:: Data segment

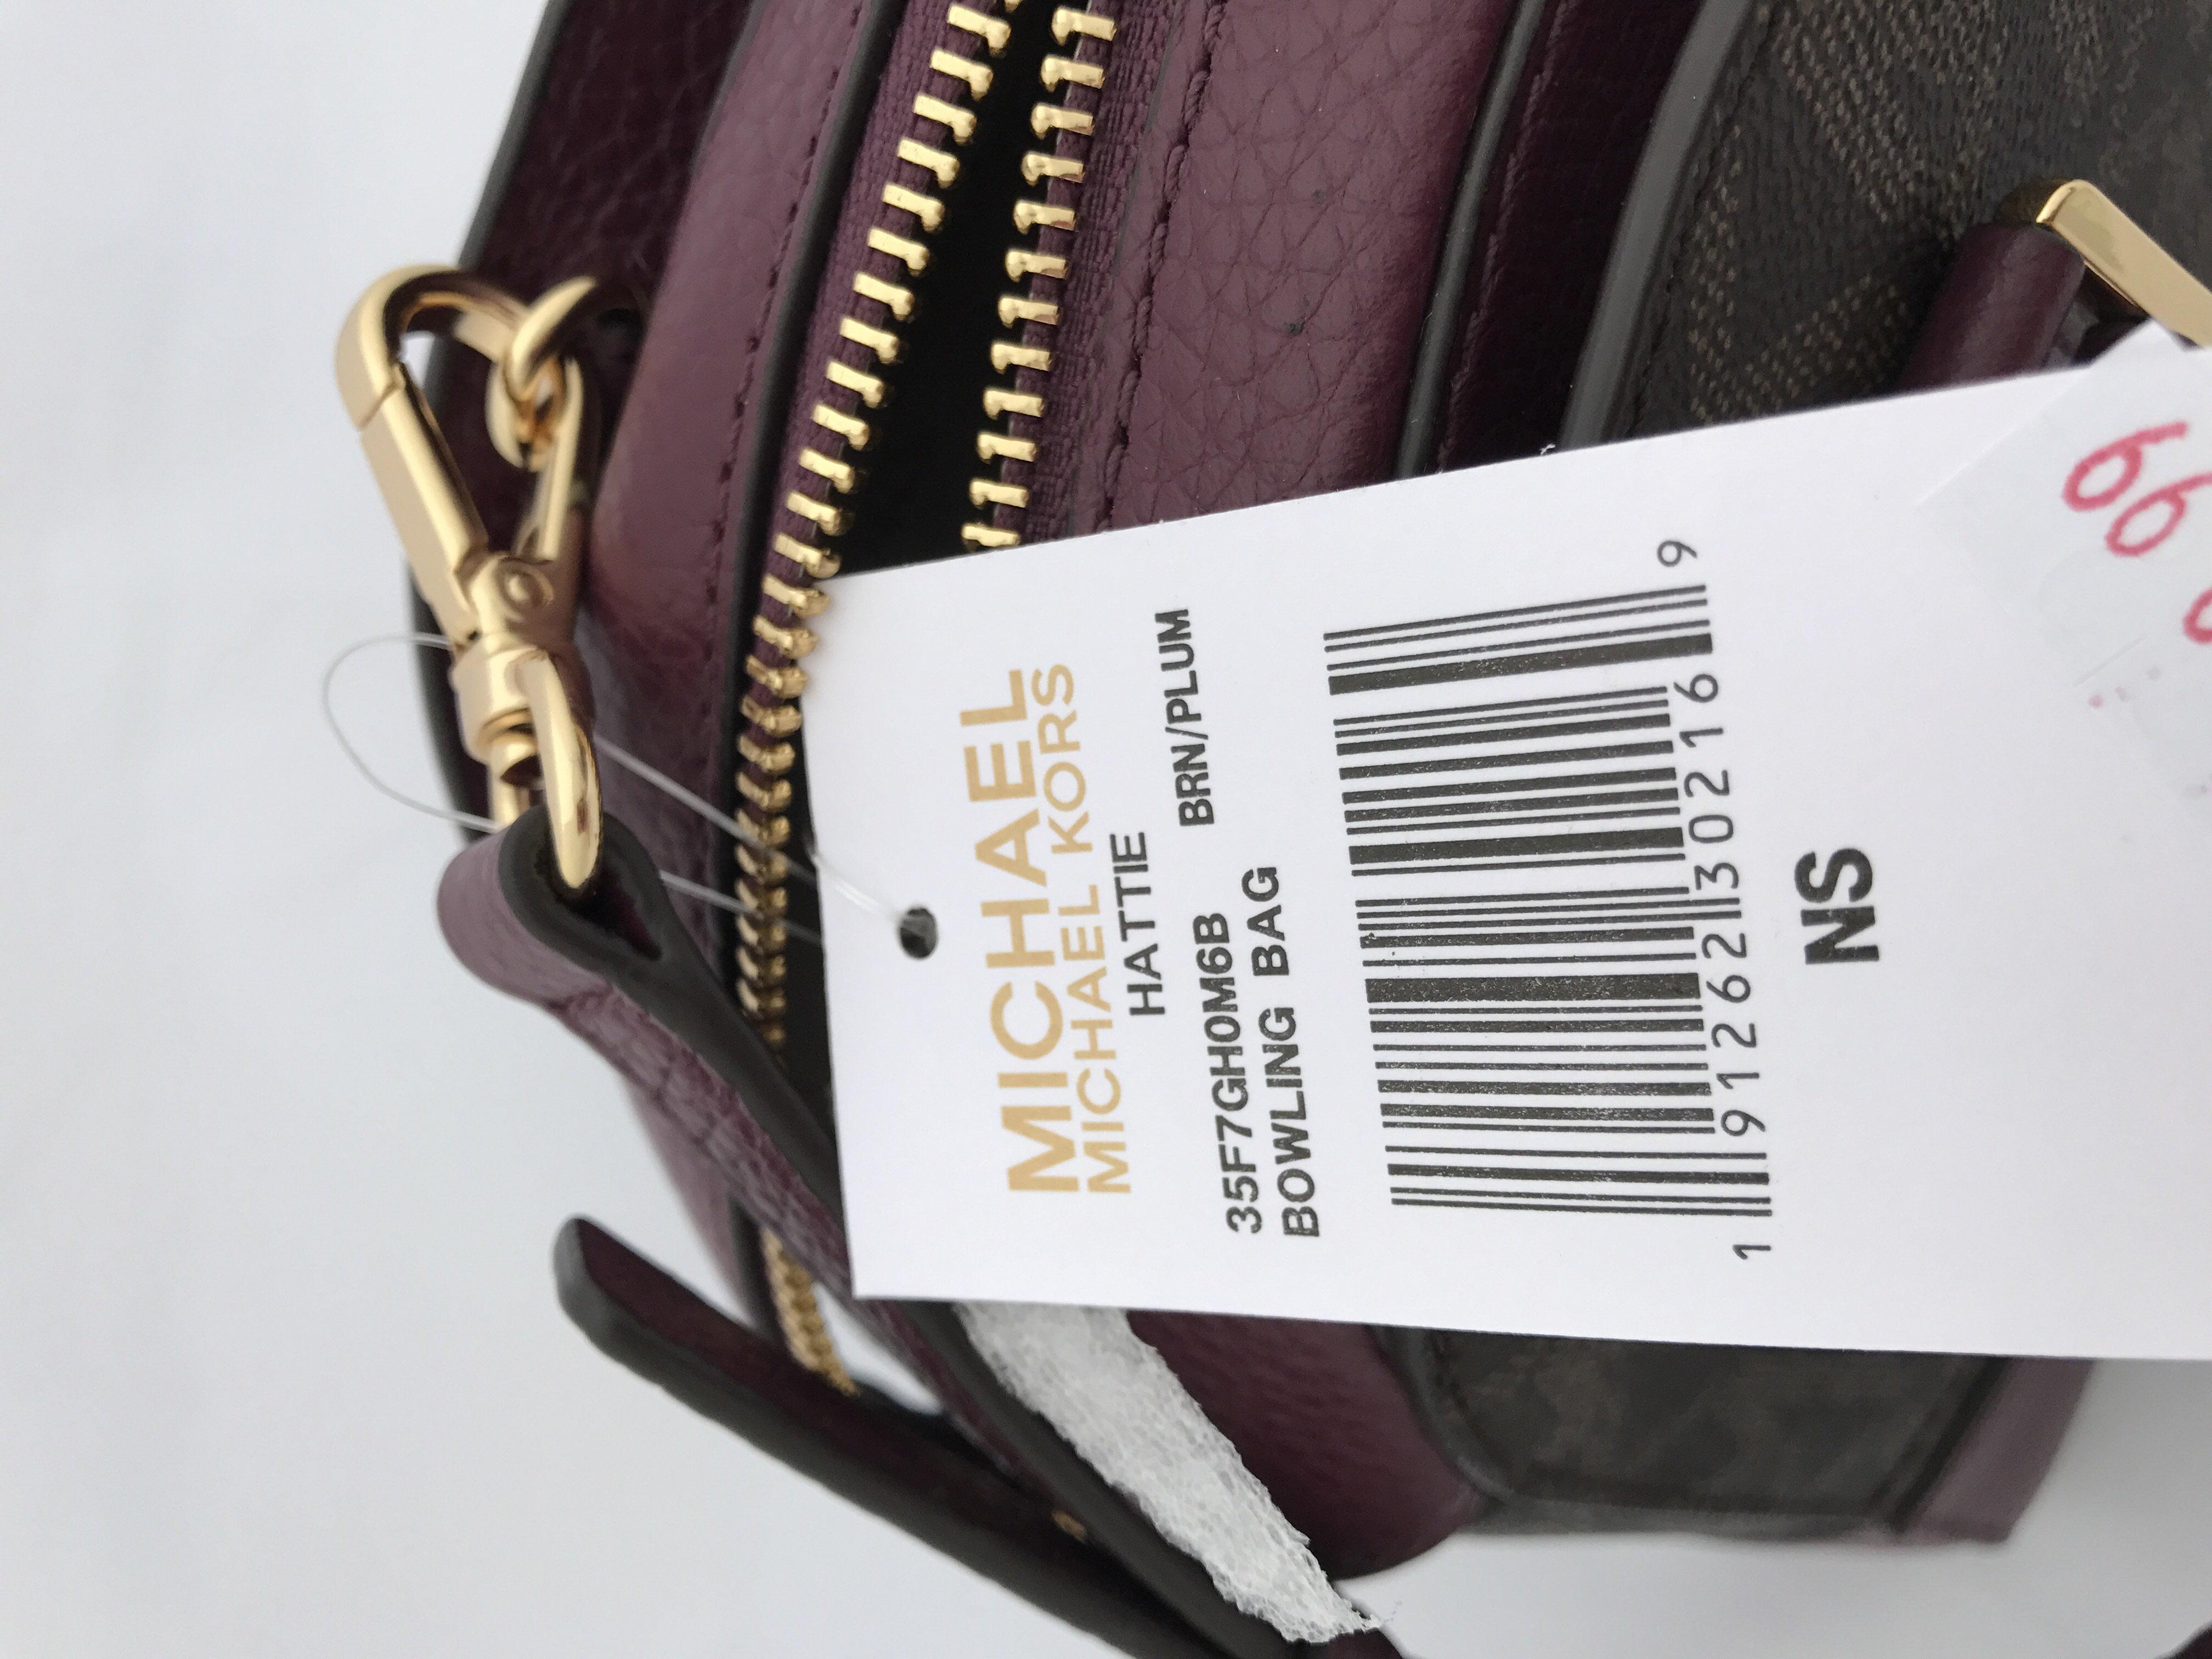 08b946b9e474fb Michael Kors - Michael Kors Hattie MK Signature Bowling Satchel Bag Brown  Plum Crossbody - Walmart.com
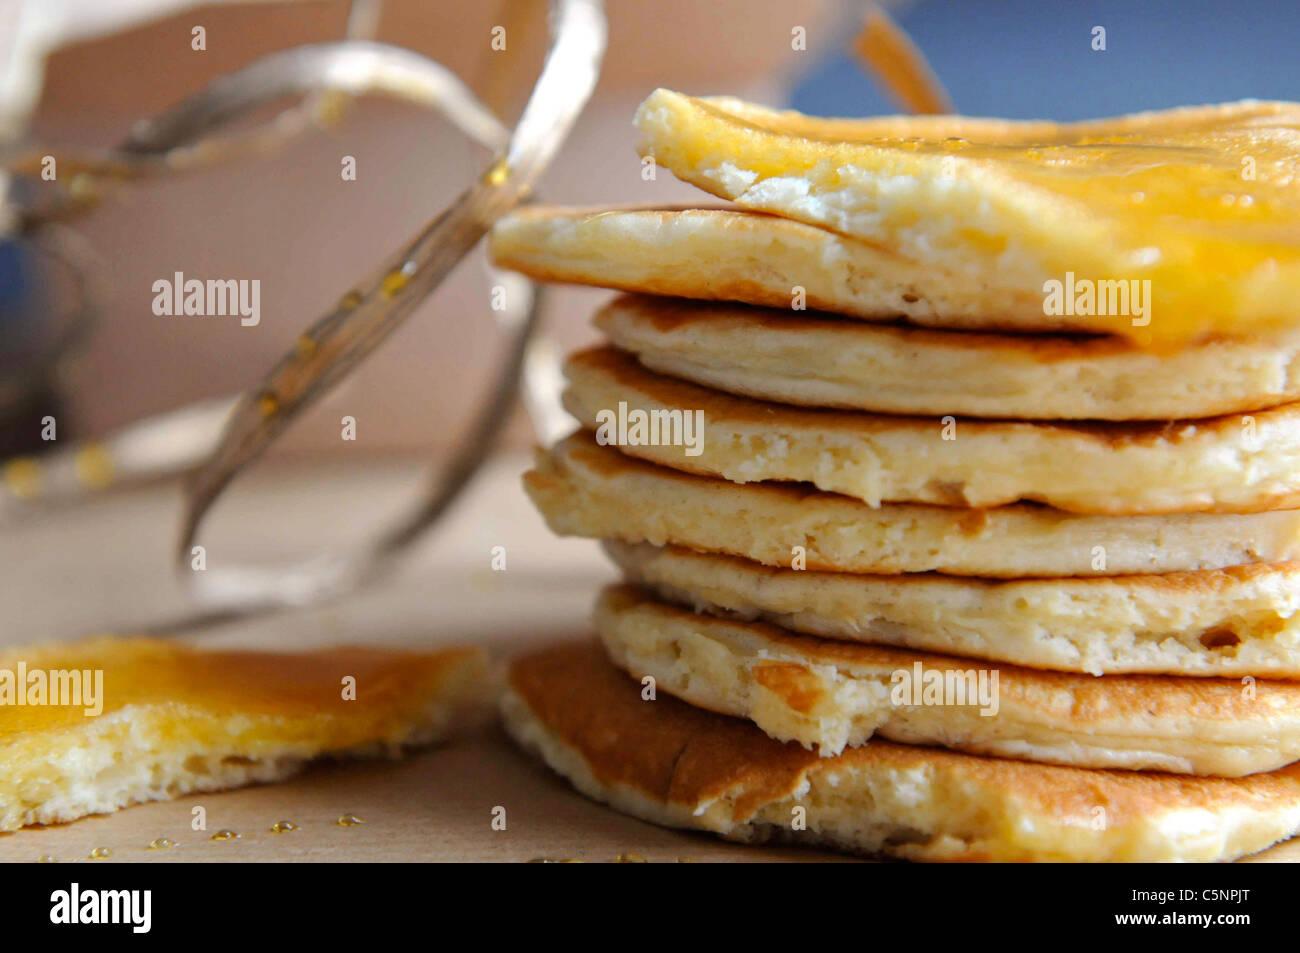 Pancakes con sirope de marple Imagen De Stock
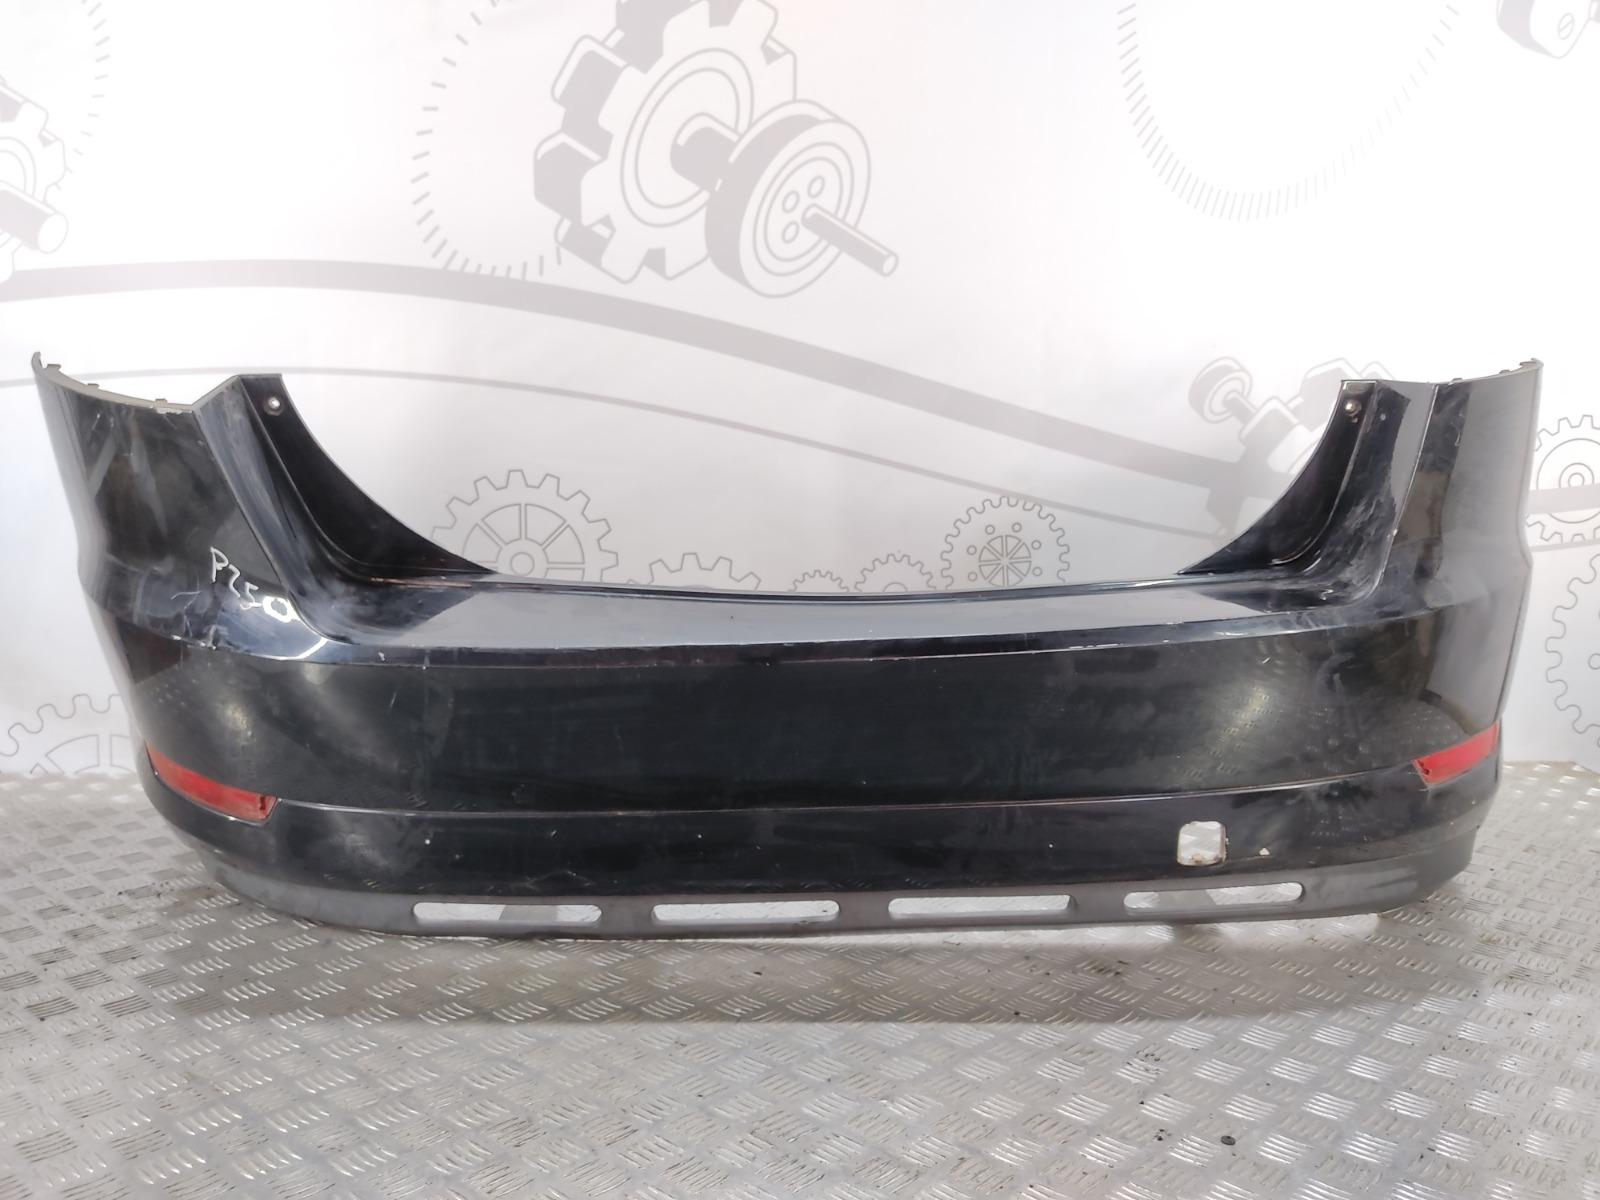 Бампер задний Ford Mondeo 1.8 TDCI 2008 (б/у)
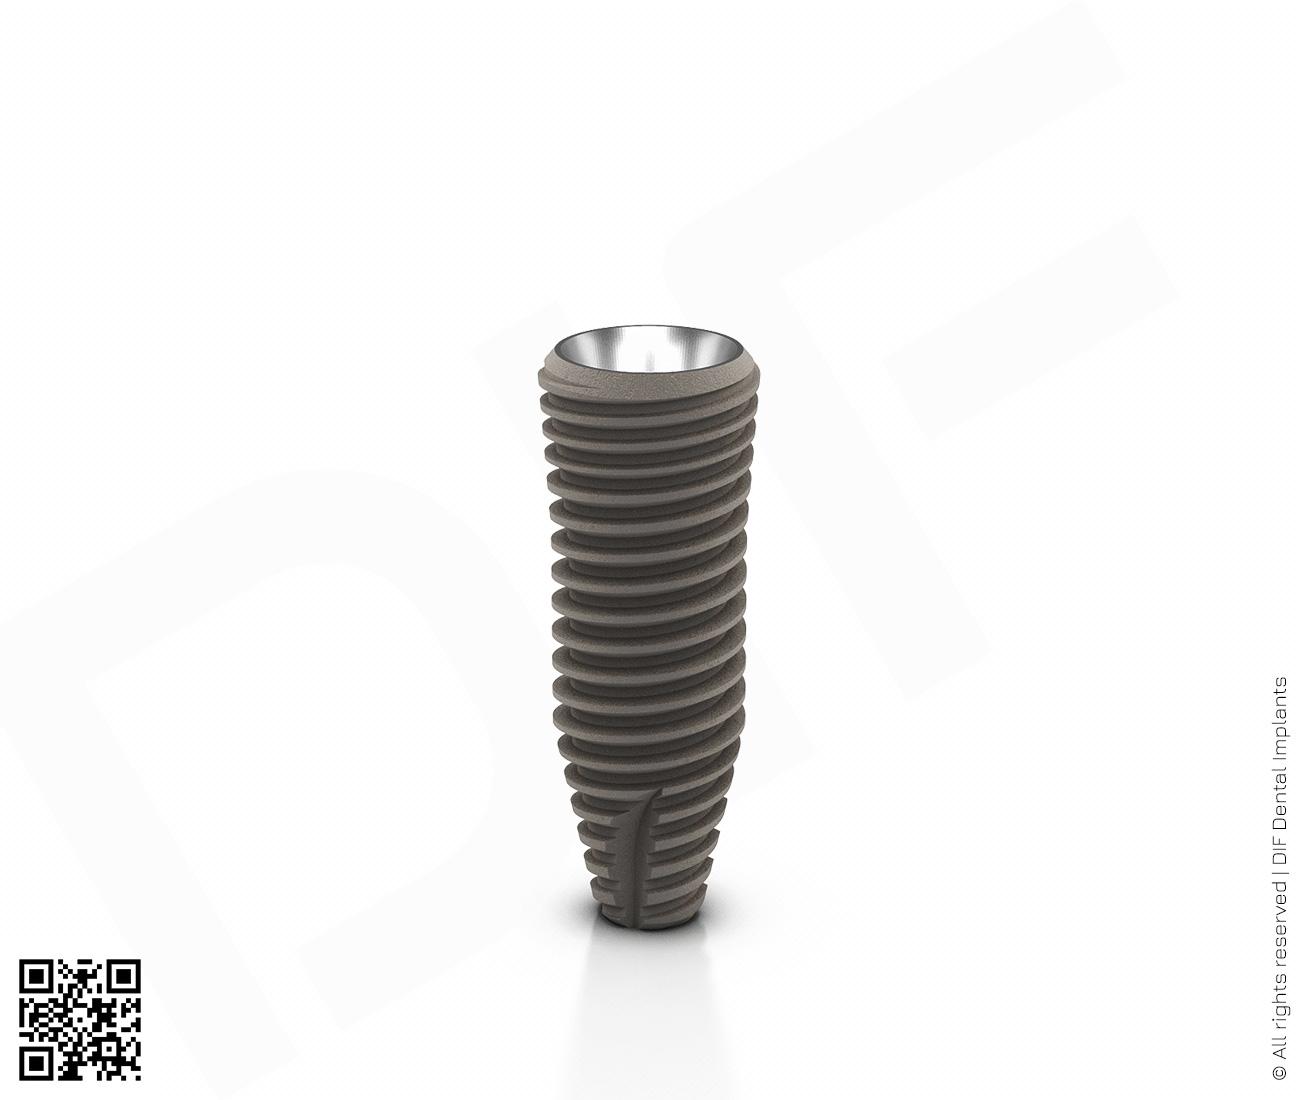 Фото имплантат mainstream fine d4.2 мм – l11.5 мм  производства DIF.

::::

Reproduce the lines above exactly, image-free.

 08b946b9e474fb Michael Kors - Michael Kors Hattie MK Signature Bowling Satchel Bag Brown  Plum Crossbody - Walmart.com
 Pancakes con sirope de marple Imagen De Stock
 Бампер задний Ford Mondeo 1.8 TDCI 2008 (б/у)
 Фото имплантат mainstream fine d4.2 мм – l11.5 мм  производства DIF.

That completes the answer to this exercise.